§ Problem details:
In the records below, reproduce exactly the lines from the one containing "Eine im Nebel versunkene Wald-Berglandschaft" through the one containing "Bewleys Gold Blend Tea Bags", both included, and omit the pictures.

§ Materials provided:
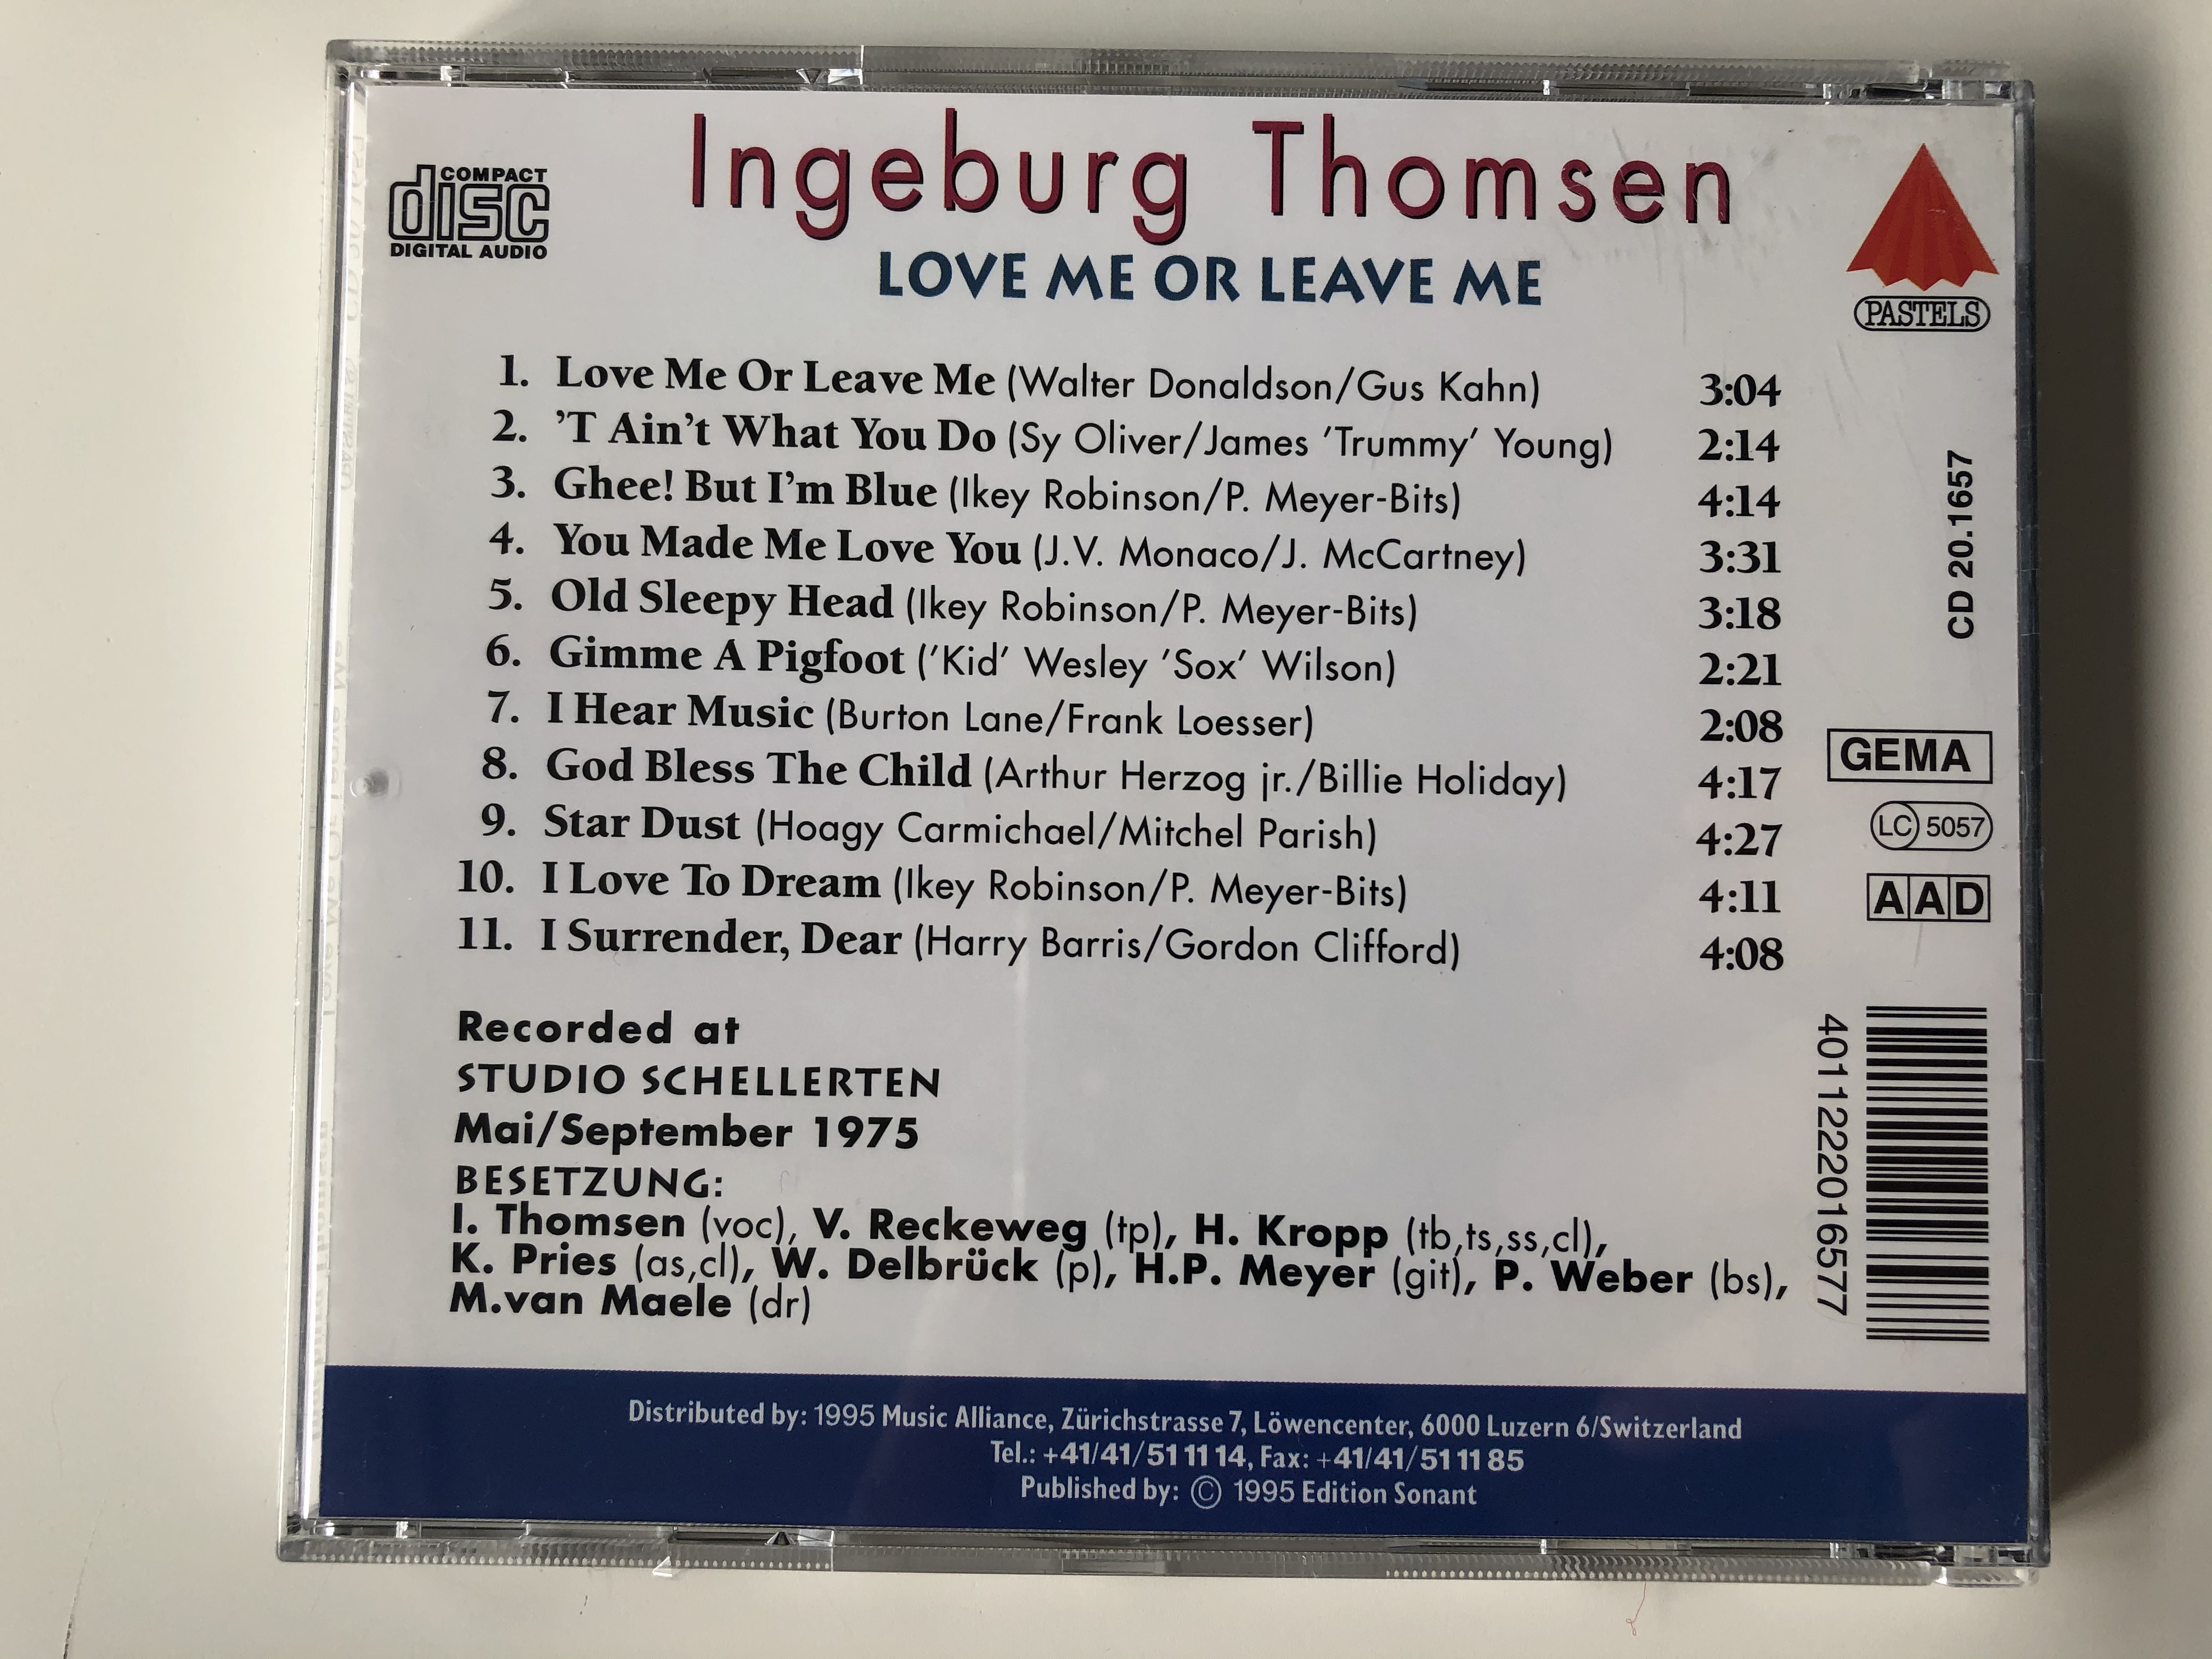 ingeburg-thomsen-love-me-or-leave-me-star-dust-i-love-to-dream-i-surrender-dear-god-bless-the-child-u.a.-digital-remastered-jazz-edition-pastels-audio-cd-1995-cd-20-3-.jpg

...

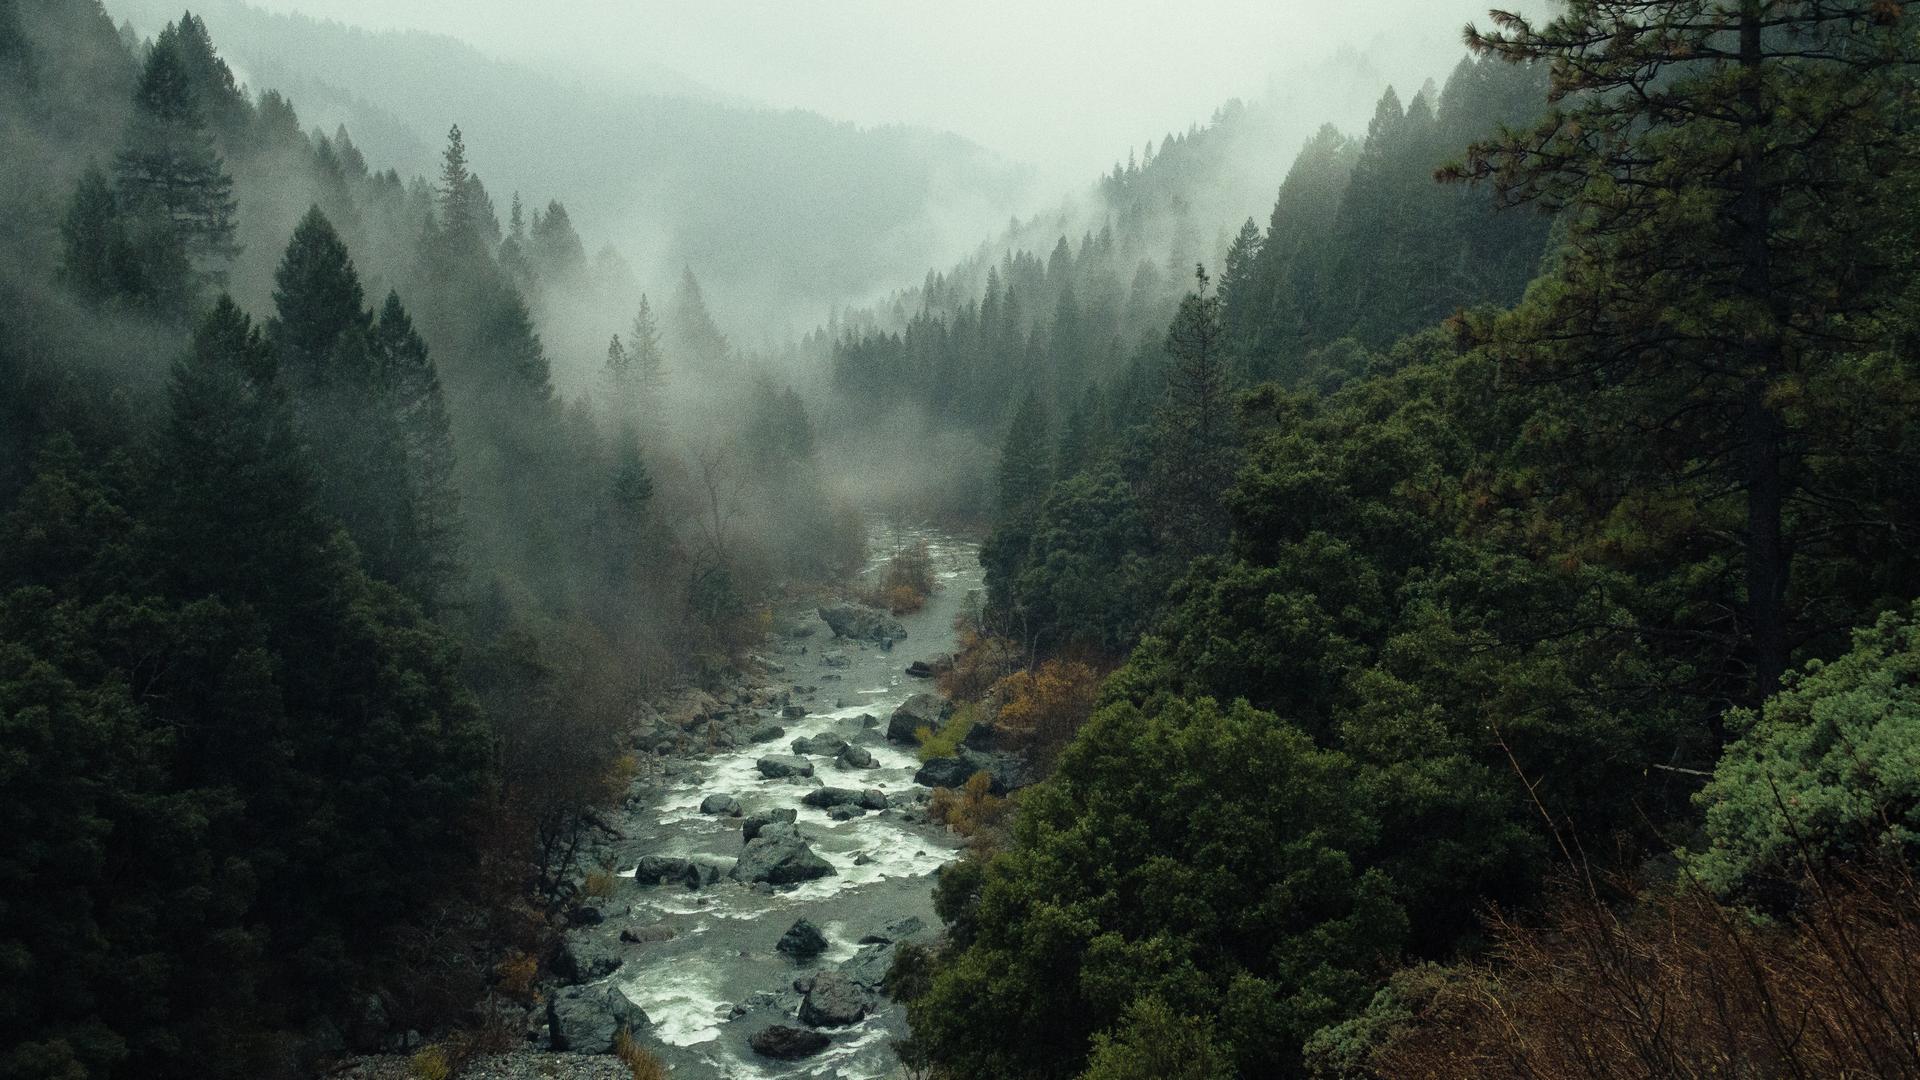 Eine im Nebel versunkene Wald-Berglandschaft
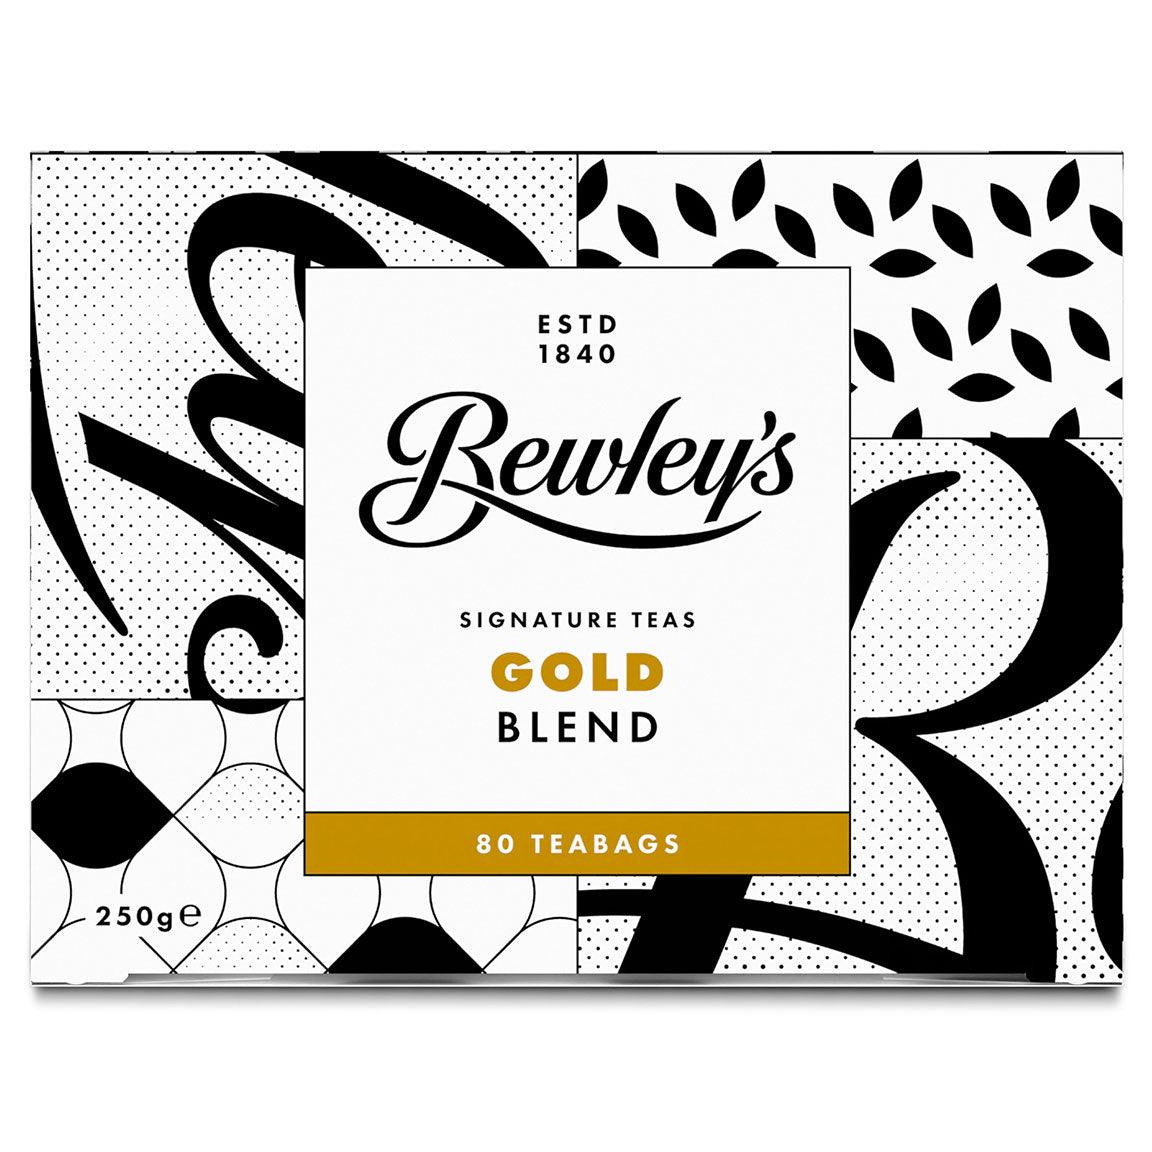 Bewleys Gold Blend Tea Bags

§ Solution:
 Eine im Nebel versunkene Wald-Berglandschaft
 Bewleys Gold Blend Tea Bags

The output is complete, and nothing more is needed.